Gloveboxes Outside the Cleanroom
A glovebox system outside the clean room is available for device characterisation under inert nitrogen atmosphere. It is eqipped with a solar simulator and the Seebeck setup.
Chemical Workspaces
The fume hood offers a safe environment for the handling of chemicals. it is mainly used for the processing of organic compounds which are not oxygen sensitive.
EFM3T Electron Beam Evaporator
This custom build evaporator from the former Pucci group offers excelent vacuum coditions. This makes it especially suited for the controlled evaporation of thin metal films. It is mainly used to evaporate films for precise lithography processes.
Nadetech Innovations ND-DC Dip-coater
This fully automatized and straight-forward setup allows for coating of substrates with solutions. The dip-coater is located in a closeable box which isolates the coating process from external atmospheric changes. Dip-coating is known for its well-controlled and reproducible production of aligned films. The aligned deposition of the material is possible due to broken symmetry at the vapour-substrate-liquid interface. The aligned films can and are used for further experiments.
Parylene-Coater SCS LABCOTER
The LABCOTER™ (PDS 2010, Specialty Coating Systems Inc.) is a parylene deposition system used to prepare uniform and pin-hole free parylene layers via chemical vapour deposition. Parylene layers are formed directly and conformally on any substrate in a two temperature step program (~250 °C and ~600 °C) inside a high-vacuum chamber.
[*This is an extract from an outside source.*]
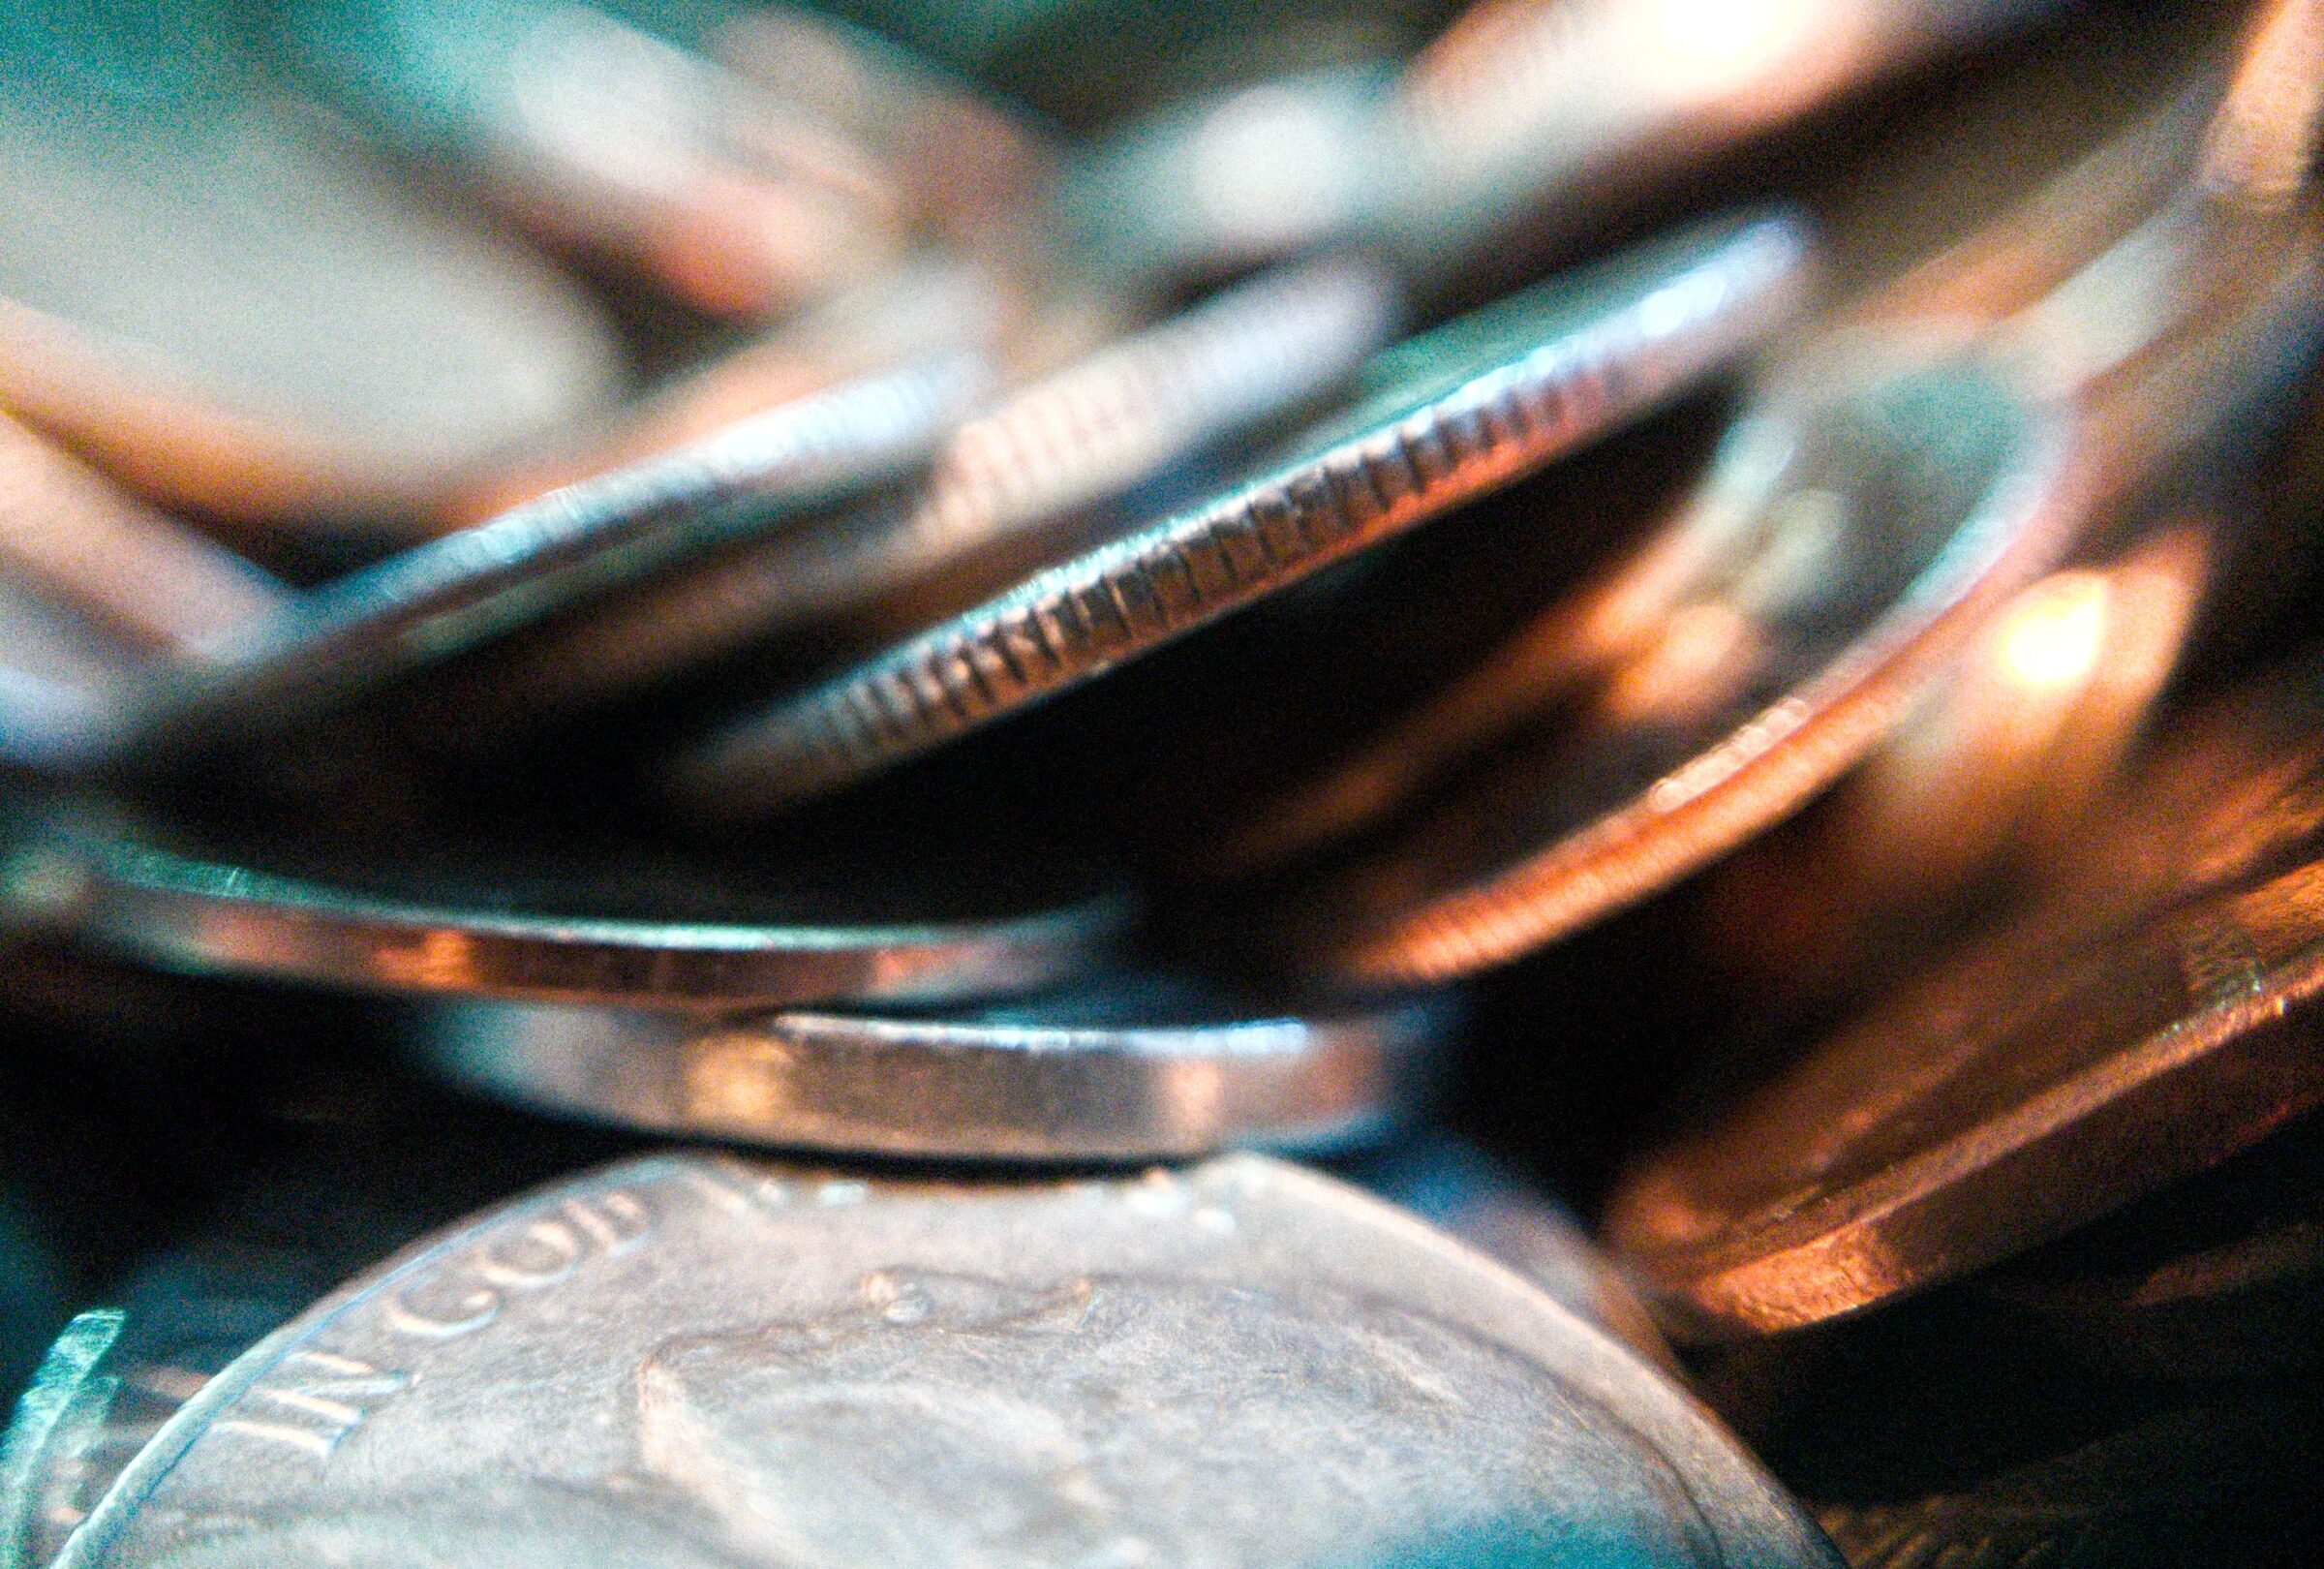 Et nærbillede af en bunke mønter, der viser betalingsmodellen.

Layer thicknesses are determined by the amount of loaded parylene dimers (precursor) and can range from a few nm to a few μm.
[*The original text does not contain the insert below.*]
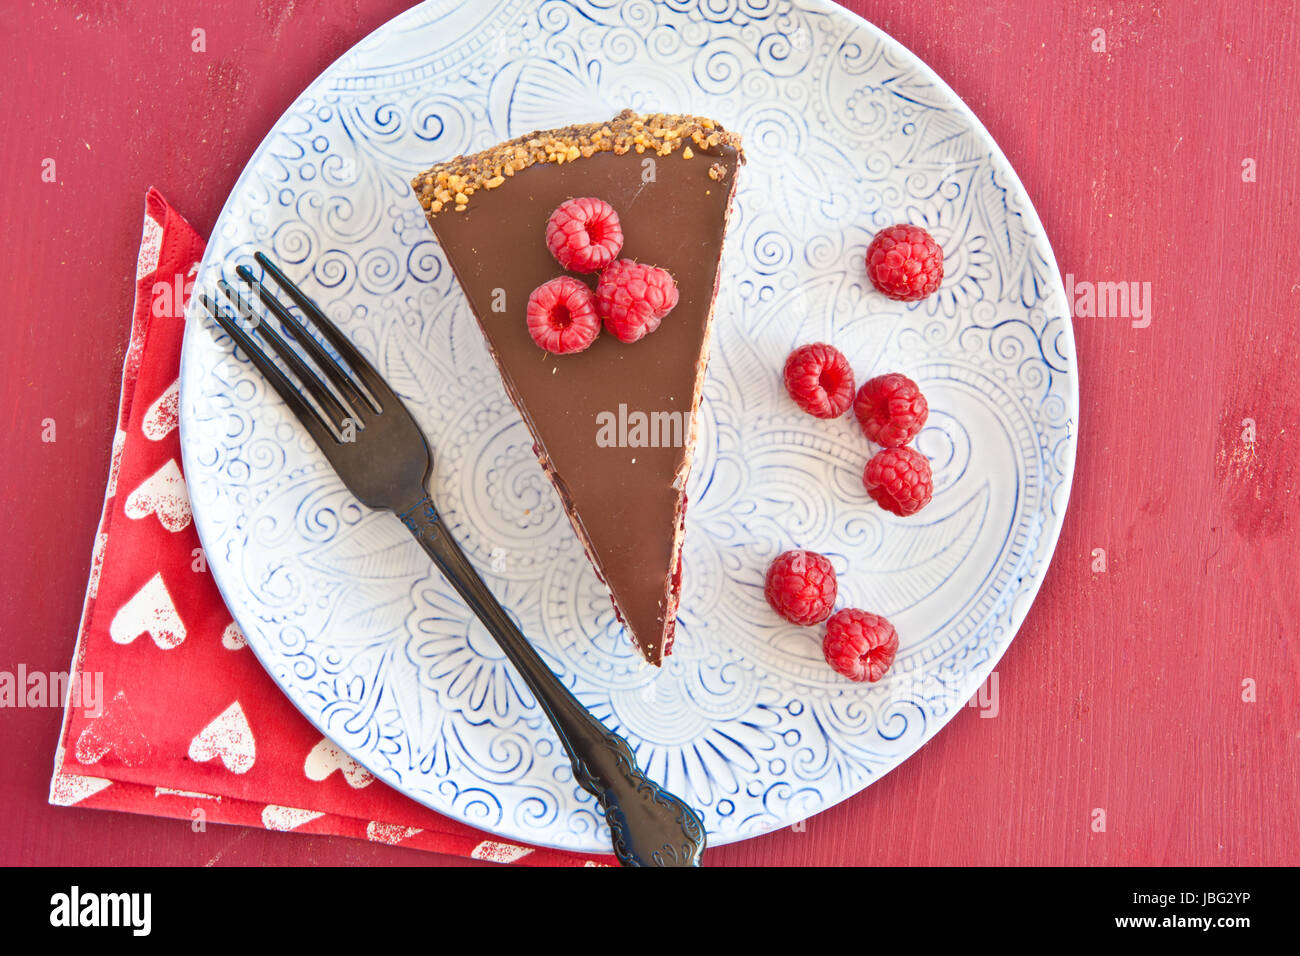 Ein Stueck Torte mit roten Fruechten und Schokolade Stock Photo

Vacuum and Air Probestations
The probe stations are used for electric characterization of samples. The contact needles allow for both out-of-plane and in-plane devices to be investigated. The air probe station is mostly used for ferroelectric characterization under atmosphere conditions. The vacuum probe station allows for electric and dielectric measurements under vacuum. Furthermore, the samples can be cooled down to temperatures as low as 70 K via usage of fluid nitrogen.
ST-100 optical cryostat
The ST-100 cryostat from Lake Shore Cryotronics allows for fast and efficient cooling of samples down to 77K and heating up to 500K. It is equipped with four probe needles that are wired to BNC-connections enabling all kinds of electrical measurements. The vacuum shroud possesses four windows which can be used for sample illumination and possibly optical reflection measurements.
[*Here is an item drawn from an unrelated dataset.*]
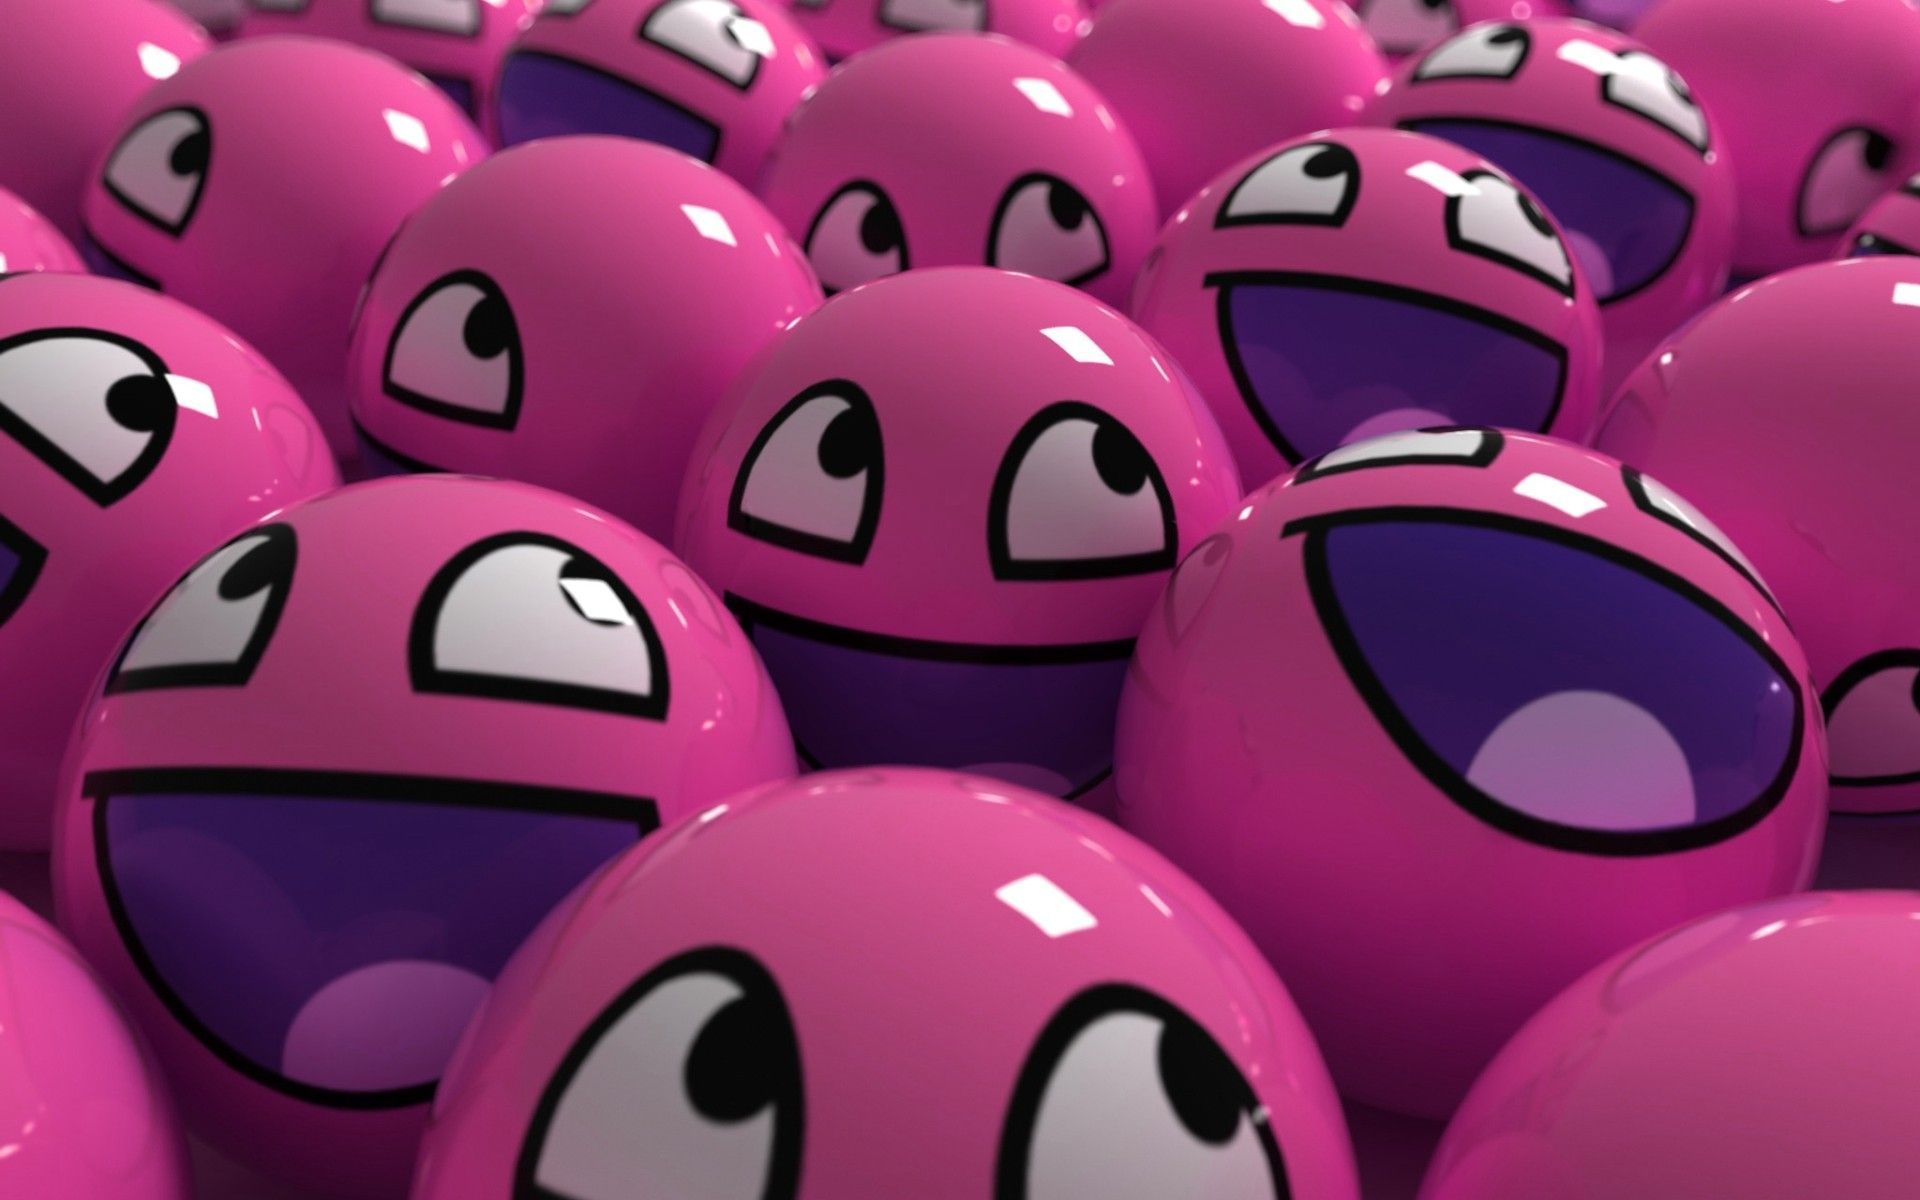 Dark Pink HD Desktop Wallpaper Download Free 6. Cute tumblr

Double Beam Laser Interferometer (DBLI)
The DBLI allows a variety of ferroelectric measurements between -196°C and 600°C. Apart from purely electrical characterization, the laser interferometer also enables a quantitative measurement of the piezoelectrical coefficient. The Linkam Temperature Control stage permits quick temperature change and can also be used outside the DBLI for other experiments.
Quantum-Efficiency Setup
Based on the monochromatic light output of a Perkin-Elmer Lambda 1050+ UV-Vis-IR-spectrophotometer, this setup measures the extraction yield of photogenerated charge carriers of organic solar cells in the wavelength range between 400 and 2500 nm. By utilizing sensitive amplification and lock-in techniques - further optimized by electrical noise analyses - we are able to obtain a dynamic range of up to 10 orders of magnitude in external quantum efficiency spectra. The experiment is completed by sources for both light- and DC voltage biasing, and a Linkam HFS600 cryo-probe-stage to extend the temperature range from -195°C to 200°C.
Atomic Force Microscope
Atomic force microscopy (AFM) is an imaging technique that measures the topology of a surface with nanometre height resolution, based on the detection of local forces acting between a sharp tip and the sample. Measurements can be made in tapping or contact mode. The setup be extended to do piezoelectric force microscopy as well.